# what is he waiting for?



## wonder (Jun 30, 2008)

seriously, when is he going to file? i asked him this and all he said was his head was messed up. i'm not filing coz i'm not going to file for something i don't want and waste money i don't have. i don't think he's waiting because of money, the lawyer i talked to said in his vast experience w/ divorces, money to pay for the divorce was never an issue. if someone wanted a divorce, they'd do it. the sad thing is not 1 person understands his reasoning for how he's acting lately.
i just want opinions on what might be going on in his mind about why he's not doing anything


----------



## 1nurse (Jan 21, 2009)

Maybe the finality of divorce is hitting him now.
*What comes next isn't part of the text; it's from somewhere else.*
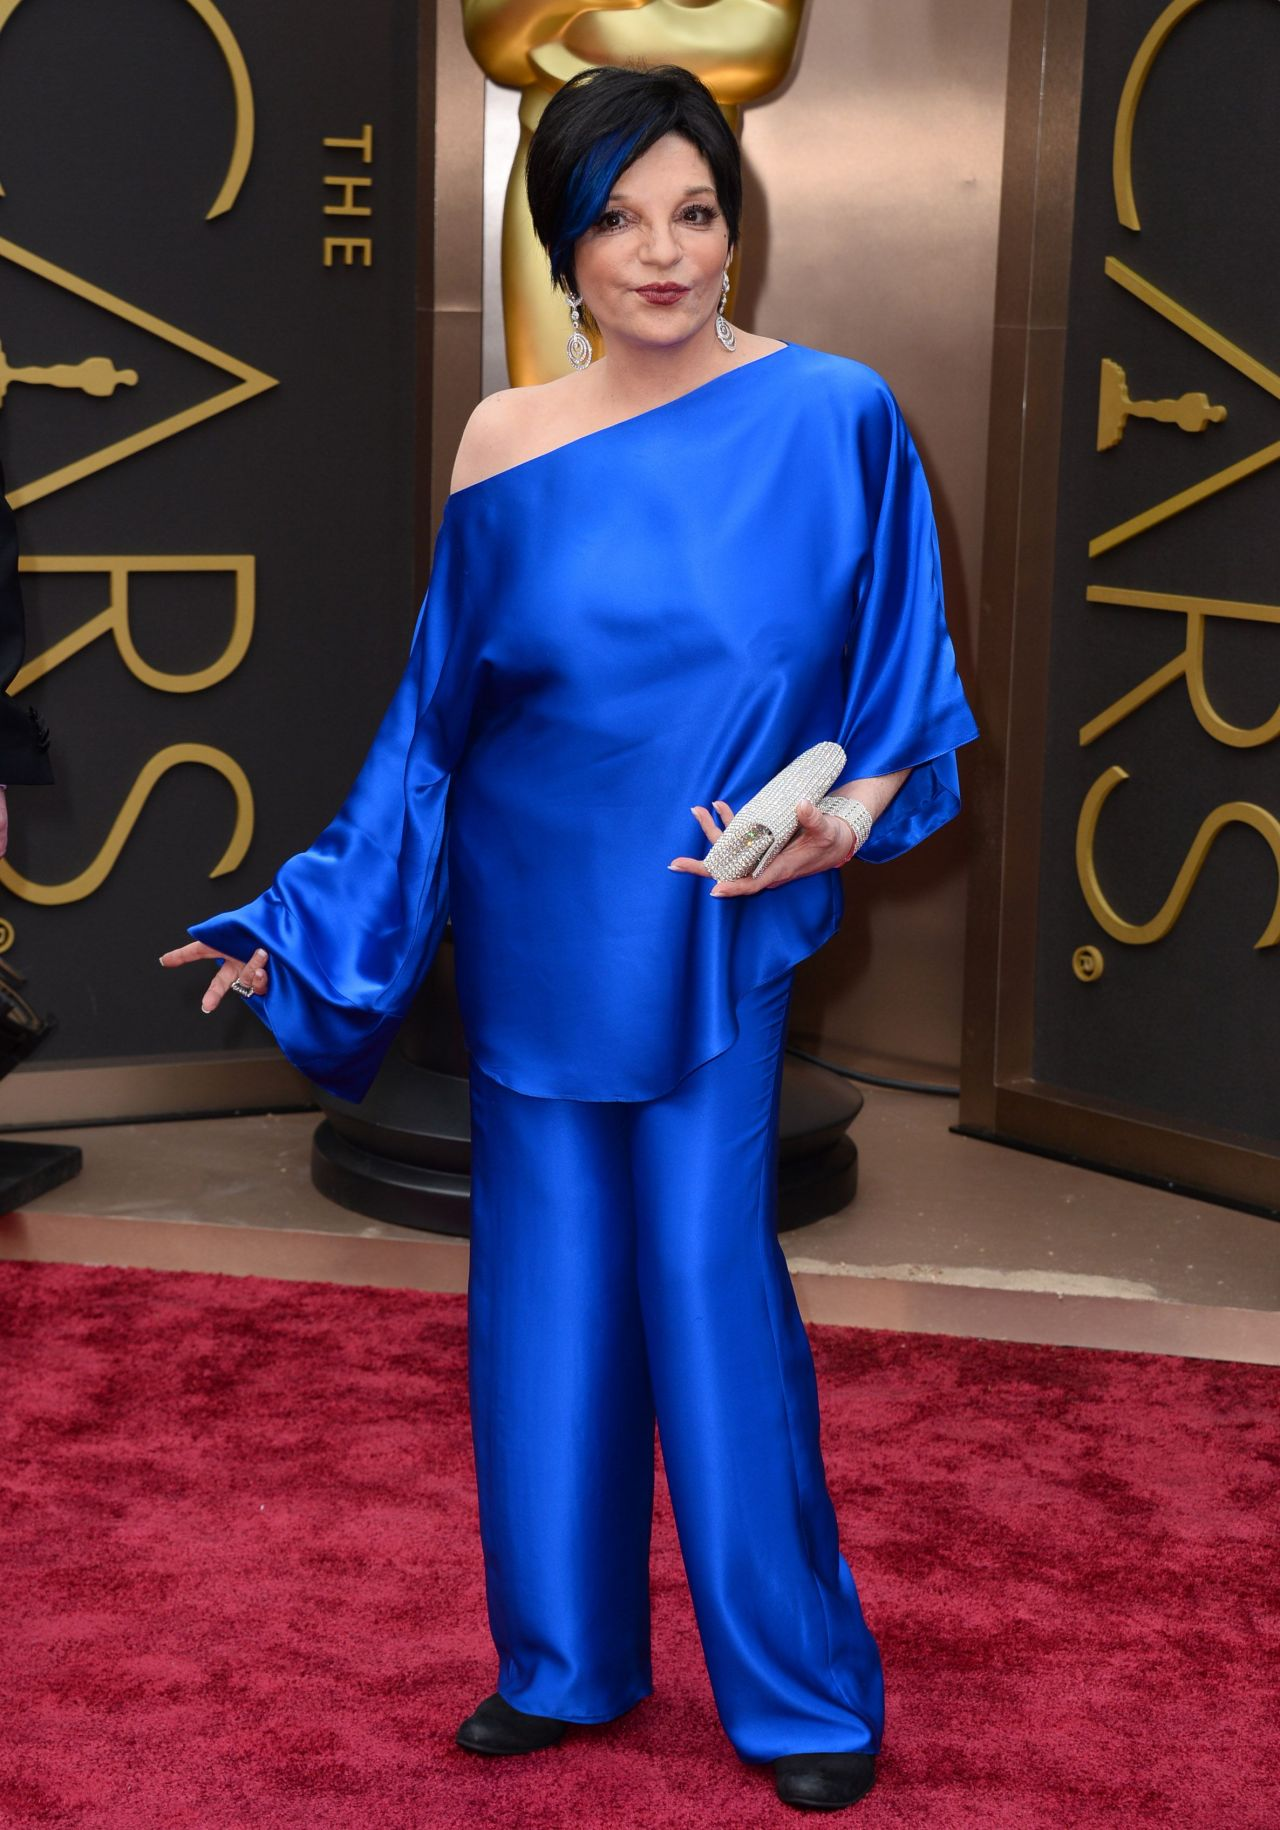 Liza Minnelli in a Cobalt Blue Pantsuit - 2014 Oscars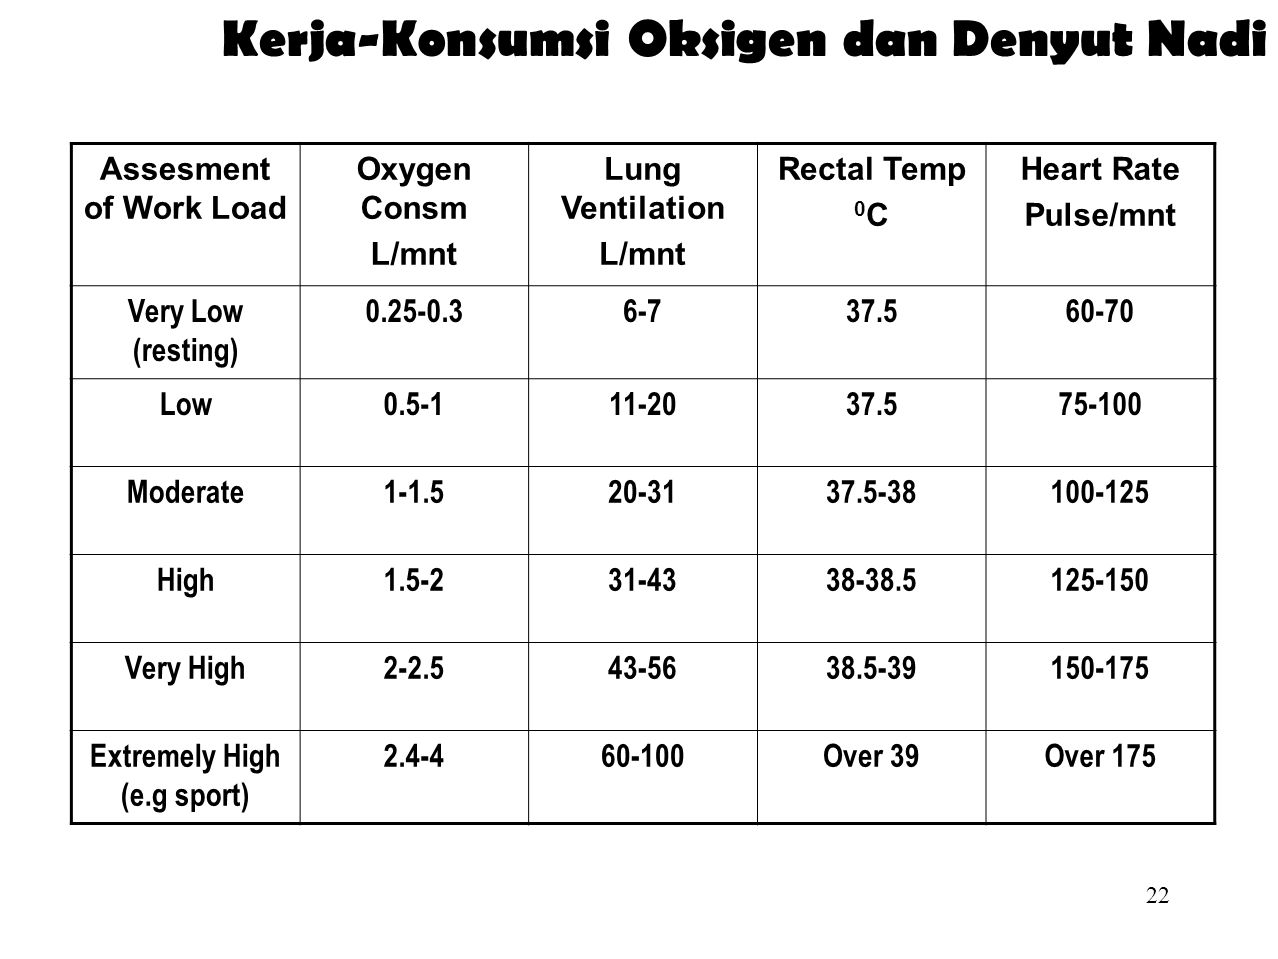 Kerja-Konsumsi Oksigen dan Denyut Nadi

I know people who have been separated for years, settled things but are still not divorced. The legal date of my soon to be ex husband's and my separation is Nov 1/08. If I don't get divorce papers mid November I will file myself. I want the divorce now although last year I was upset when he left. I personally don't believe in dragging things out. Good Luck.


----------



## dcrim (Oct 1, 2008)

It may not be the money (for the divorce), it could be the money (for support)!


----------



## Corpuswife (Apr 24, 2009)

Was the divorce a mutual agreement?

Perhaps second thoughts?


----------



## preso (May 1, 2009)

In the end it boils down that someone is going to have to have a severe change in lifestyle. Could be he is trying to figure out how to not move out and go into instant poverty. 
That his head is messed up sounds to me, like an excuse to buy time.


----------



## wonder (Jun 30, 2008)

i don't know. this is not a mutual decision, it's his. he knows i still love him. he's all moved out and has been settled in his new place, so the novelty of a change of lifestyle is starting to die down (he told me he's bored) . as for support, he already gives me more money than the courts would order so i don't think that's it. like i said, i doubt this has anything to do w/ money.


----------



## Corpuswife (Apr 24, 2009)

Sounds like he's figuring the "grass isn't green?" 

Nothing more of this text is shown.